Configuring the SDG
- Jason Hoekstra
The SDG relies on several different inputs to produce its output data. Each of these files must be edited before running the SDG in order to produce a valid output data set.
CSV Input files
There are two types of CSV input files: Name files and Interchange data files. These files are required to operate and should be located in the DataFiles directory.
Name Files
Name files may be edited as you see fit, though they contain a large set of default data. These files include first and last names for people based on ethnicity and gender. There's also a set of street names (in StreetNames.csv) which are used when generating addresses. Name files are stored in the root of the DataFiles directory and named as follows:
- FirstName-{Ethnicity}-{Gender}.csv
- Surname-{Ethnicity}.csv
- StreetNames.csv
Interchange Data Files
Interchange data files contain data from several Ed-Fi interchanges that are required to bootstrap an output data set. These files are located in subfolders of the DataFiles directory based on Interchange. This includes the following interchanges:
- AssessmentMetadata
- Descriptors
- EducationOrganization
- EducationOrgCalendar
- MasterSchedule
- Standards
It's highly recommended to use the example files for the NorthRidge data set as a starting point for creating a new data set. Every one of these CSV files must be customized for your specific output data set.
XML Configuration
Parameters for shaping the school district for which you'd like to generate are all found within the XML configuration file. Here you'll outline what your school district and output data looks like by configuring things like:
- Periods for which you want to generate data
- District info
- Schools in the district
- School info
- Discipline
- Attendance
- Grade levels
- Staff population demographics
- Race
- Gender
- Grade level info
- Student count
- Student profile
- Assessment participation
- Graduation plans
- Student population profiles
- Race
- Gender
- Status (e.g., Homeless, Immigrant, Economically Disadvantaged)
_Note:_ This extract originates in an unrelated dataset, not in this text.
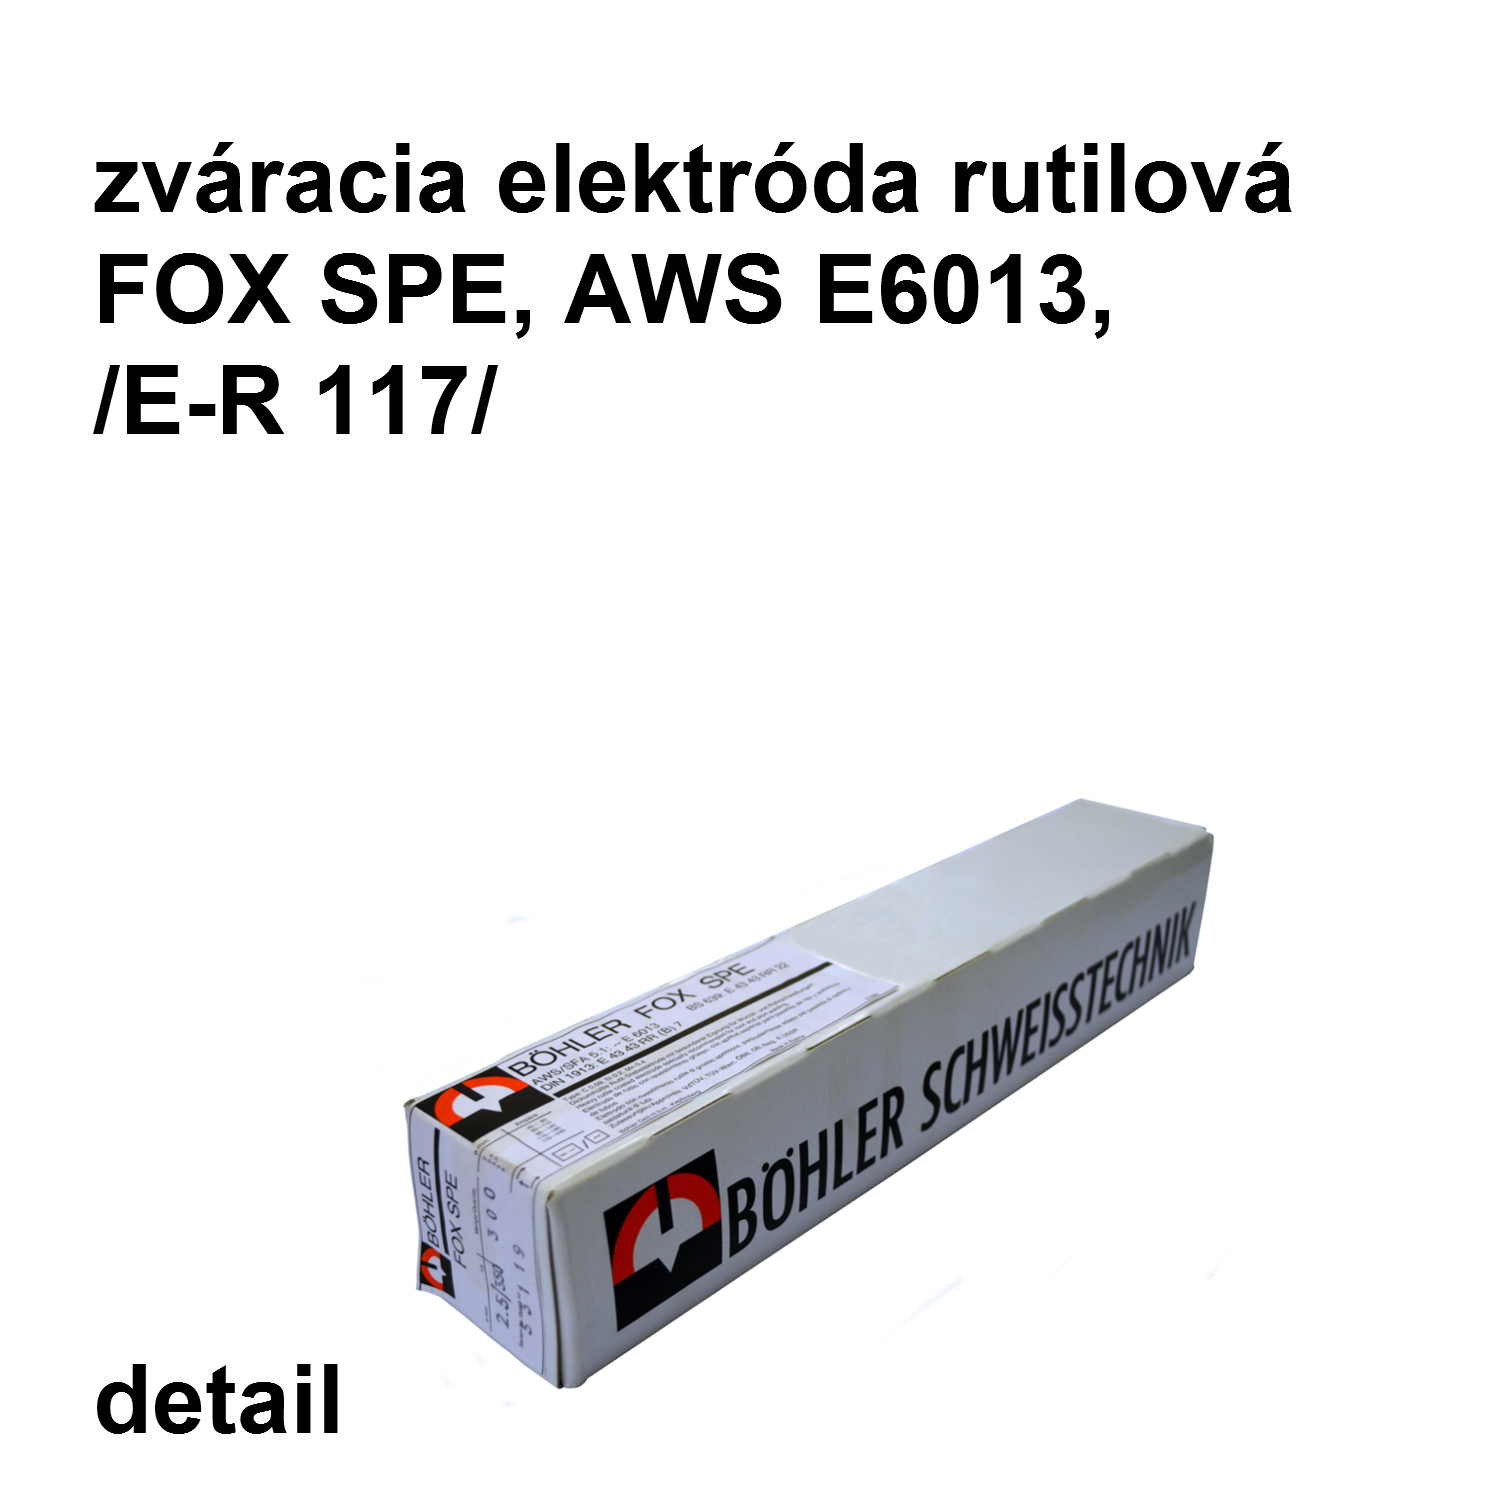 zváracia elektróda FOX SPE  3,2/350 mm, AWS E6013 /E-R117/ rutilová elektróda

The SampleConfig.xml file is a good starting point for understanding the XML configuration. The file contains comments that explain the elements used to configure a student population. NorthRidge.xml also provides a more complete example after you understand the basics of the configuration format.
Seed Input File
The seed is used as an input to the SDG only when the tool is run in Standard mode and the -seedFilePath command line argument has been provided. This file can be hand-crafted, though it may be easier to run the SDG in seed output mode to produce this file and then use it as an input in subsequent runs of the SDG.
See Seed Data documentation for further details.